**WHAT YOU ARE ASKED TO DO**
Leave every picture out, and give again exactly the lines from the one containing "Alternate Image 1" through the end of the listing.

**DATA PROVIDED**

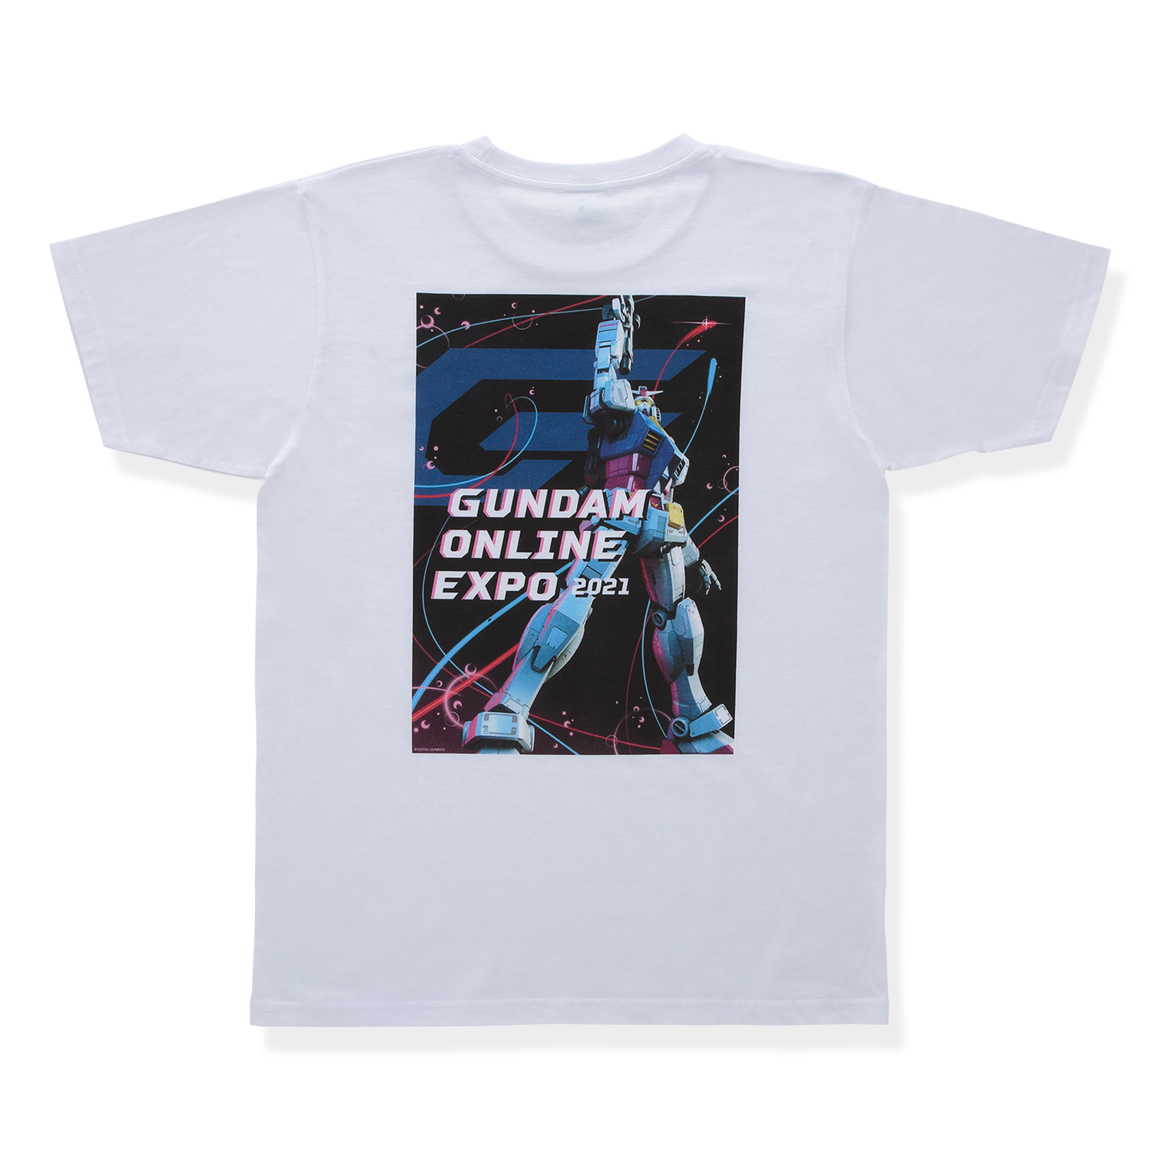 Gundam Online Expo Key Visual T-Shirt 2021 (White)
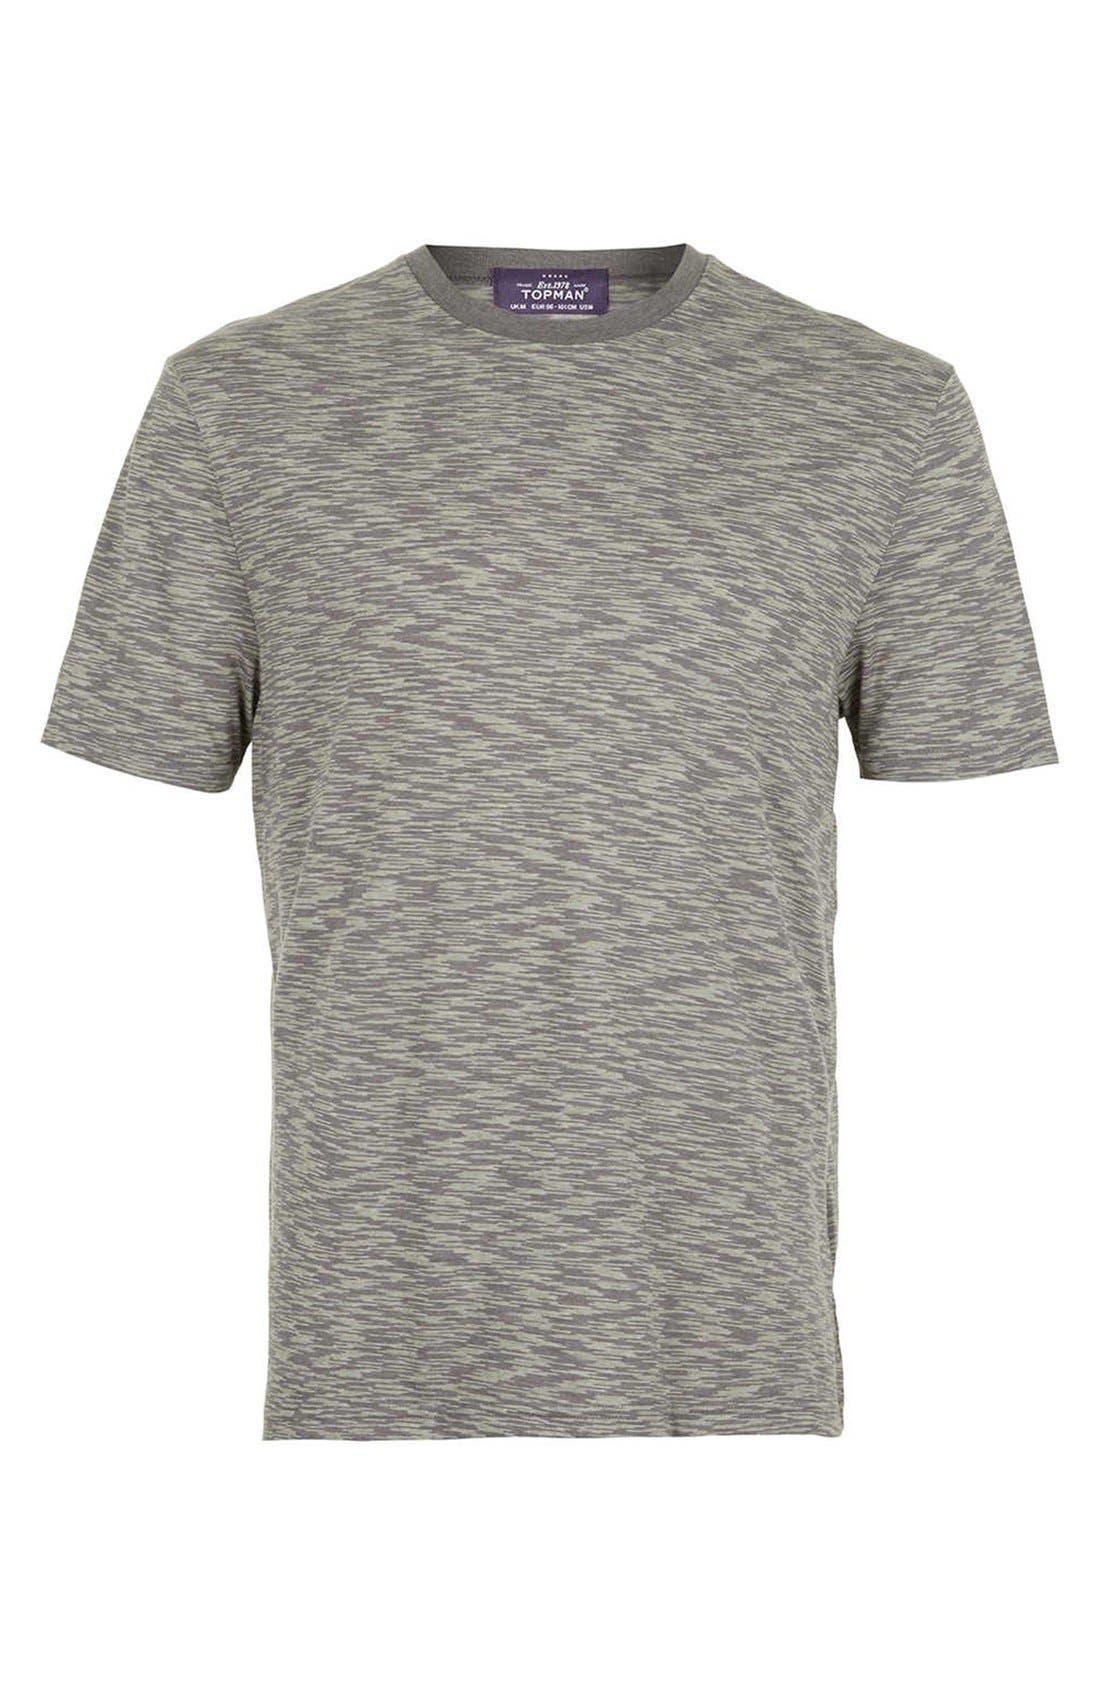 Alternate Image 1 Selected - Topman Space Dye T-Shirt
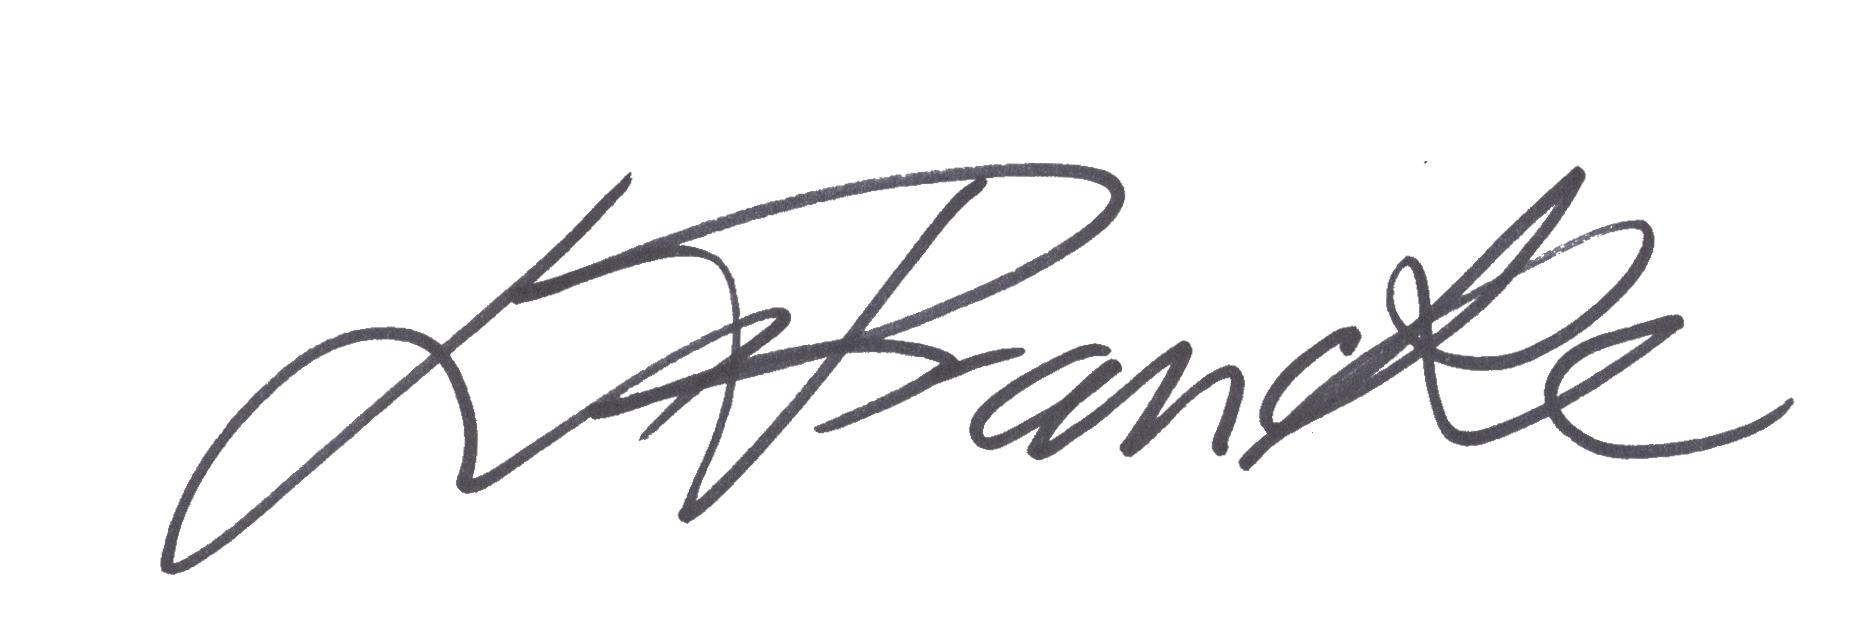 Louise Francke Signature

**RESULT OF THIS TASK**
 Alternate Image 1 Selected - Topman Space Dye T-Shirt
 Louise Francke Signature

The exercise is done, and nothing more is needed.